7 July 2016

AP: A former prostitute hopes to shake up Dominican Congress

The 46-year-old wants to focus on improving opportunities for women, a significant challenge in a country where about 35 percent of households are led by single mothers in poverty. [...]

She plans to introduce legislation that would prohibit discrimination against specific groups considered vulnerable, including LGBT, sex workers, people with AIDS and the elderly. The walls of her office are adorned with diplomas and posters from international conferences dealing with sex work. [...]

Others see her elevation as a sign of social progress. "She represents an idea, the idea of non-discrimination, of equal participation of men and women," said Santo Rosario, a coordinator with a group, known by its Spanish acronym COIN, which advocates for the rights of marginalized groups, including sex workers. [...]

Montero, repeating her oft-told life story, grew up poor in a foster family where she was sexually abused by a male relative. She says she began working as a prostitute in Santo Domingo while still a teen after her abusive husband left her alone with a young child she could not support.
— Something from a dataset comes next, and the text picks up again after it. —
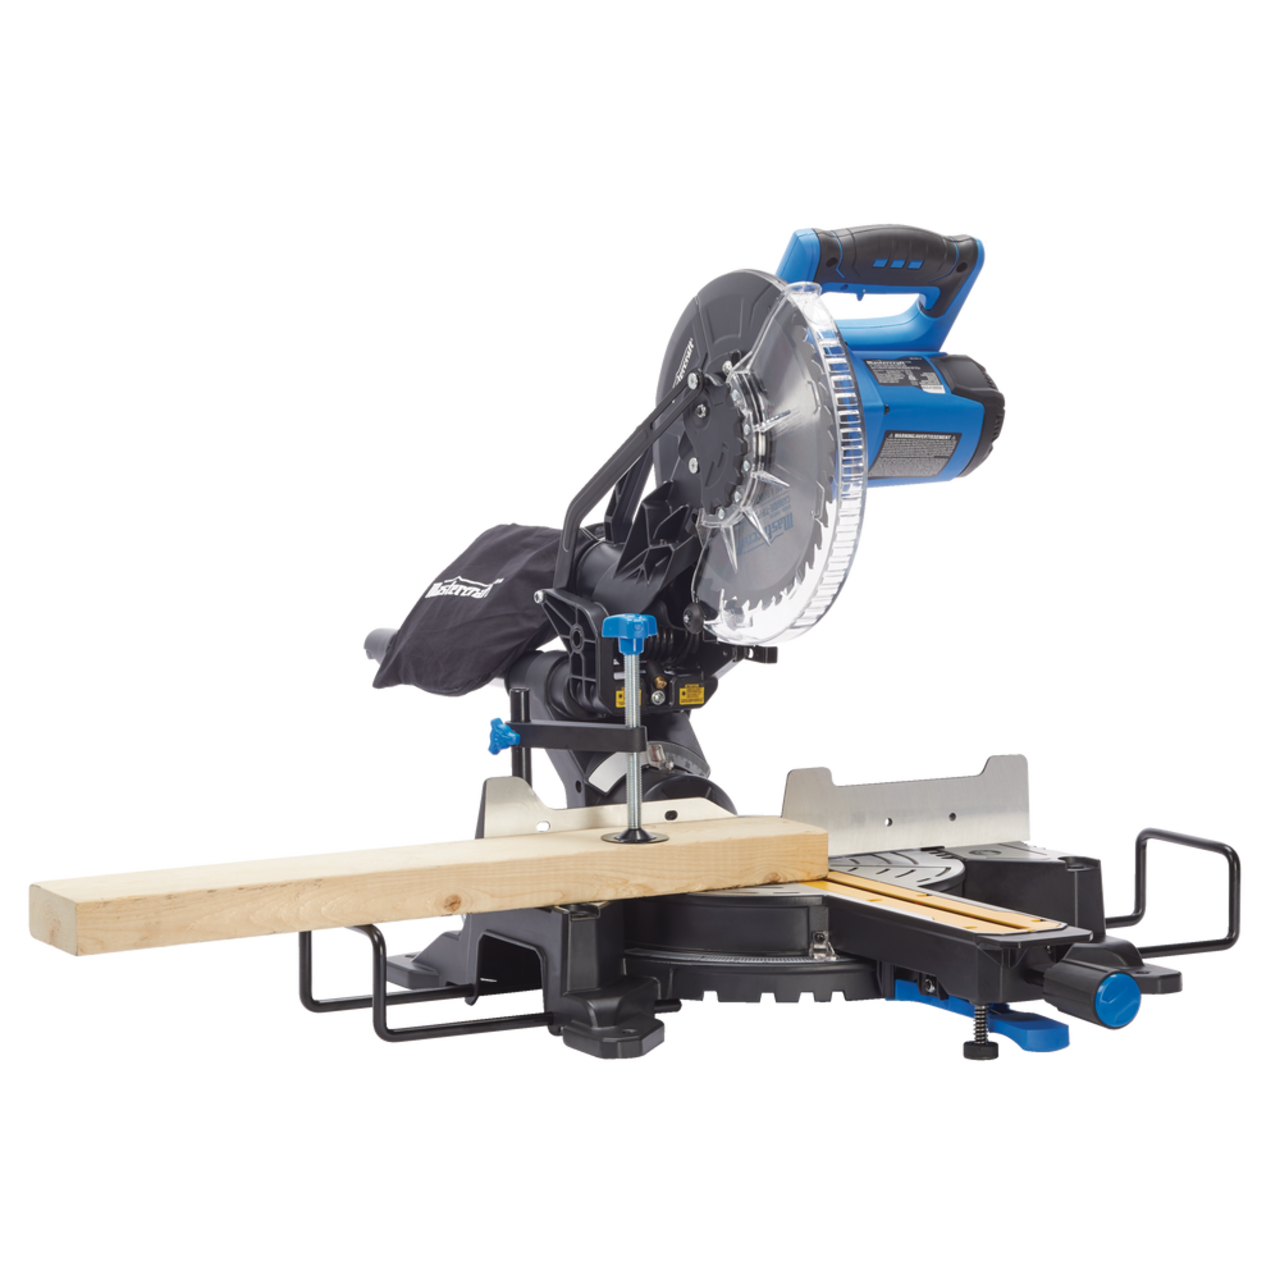 https://media-www.canadiantire.ca/product/fixing/tools/stationary-tools/0556751/mastercraft-10-sliding-mitre-saw-06707220-8cd5-4745-8a62-621ebef8aef0.png?imdensity=1&imwidth=640&impolicy=mZoom

Business Insider: CAROLINE LUCAS: The Iraq War was illegal, Tony Blair was lying, and David Cameron should apologise too

So, absolutely, I think it's really clear that there are big constitutional lessons to be learned, not to least of which I think will be that, in future, the Attorney General ought to be an independent appointment of Parliament, rather than an appointment from the Prime Minister and of one of his old chums. I don't think that gives me confidence in the decisions coming out of it. [...]

On the issue of whether Tony Blair was lying, you can see from some of the timings of the different statements that were made. There he was, on the eve of war, claiming in Parliament that Saddam Hussein could still avoid the invasion if he were to comply with the UN Security Council resolution. Yet, six months earlier, not only was he saying to President Bush that "I will be with you whatever," but also we have Richard Dearlove, the head of MI6, saying very clearly that the US had already stated that they would be invading, the question was only about when. [...]

When it comes to Blair himself, I would like to see him held to the very strongest possible account but, in the absence of the ICC, if there are other legal avenues, it might make sense to explore them.

Reuters: Russia reminds wayward ally Belarus of its economic muscle

Ukraine regularly accused Russia of political intimidation by cutting energy supplies in the years leading to the 2014 annexation during disputes that Moscow said were commercial.

Now Belarus is experiencing something similar. Since the start of this month, Russian oil pipeline monopoly Transneft has been pumping about 40 percent less oil to Belarus than in the second quarter of this year. [...]

A high-level-Russian energy industry source, who spoke on condition of anonymity, said the understanding in the industry was that Lukashenko is being punished for his overtures to the West and critical comments directed at Russia. [...]

"The Belarussian establishment and Lukashenko personally were scared by the situation with Ukraine," said Andrei Yegorov, the director of Minsk-based think tank the Centre For European Transformation.

Lukashenko declined to recognize Crimea as part of Russia, and put on hold discussions with Moscow about the Russian military establishing an air base on Belarussian soil. [...]

His diplomacy paid off in February this year when the EU ended sanctions that had been in place for five years. Belarus is now in discussions with the International Monetary Fund about a $3 billion loan.

Jacobin Magazine: My Resistance to Elie Wiesel

More than anyone, Wiesel helped sacralize the Holocaust, making it a kind of theological event that stood outside history. ‘The ultimate event, the ultimate mystery, never to be comprehended or transmitted,’ was how he once put it. [...]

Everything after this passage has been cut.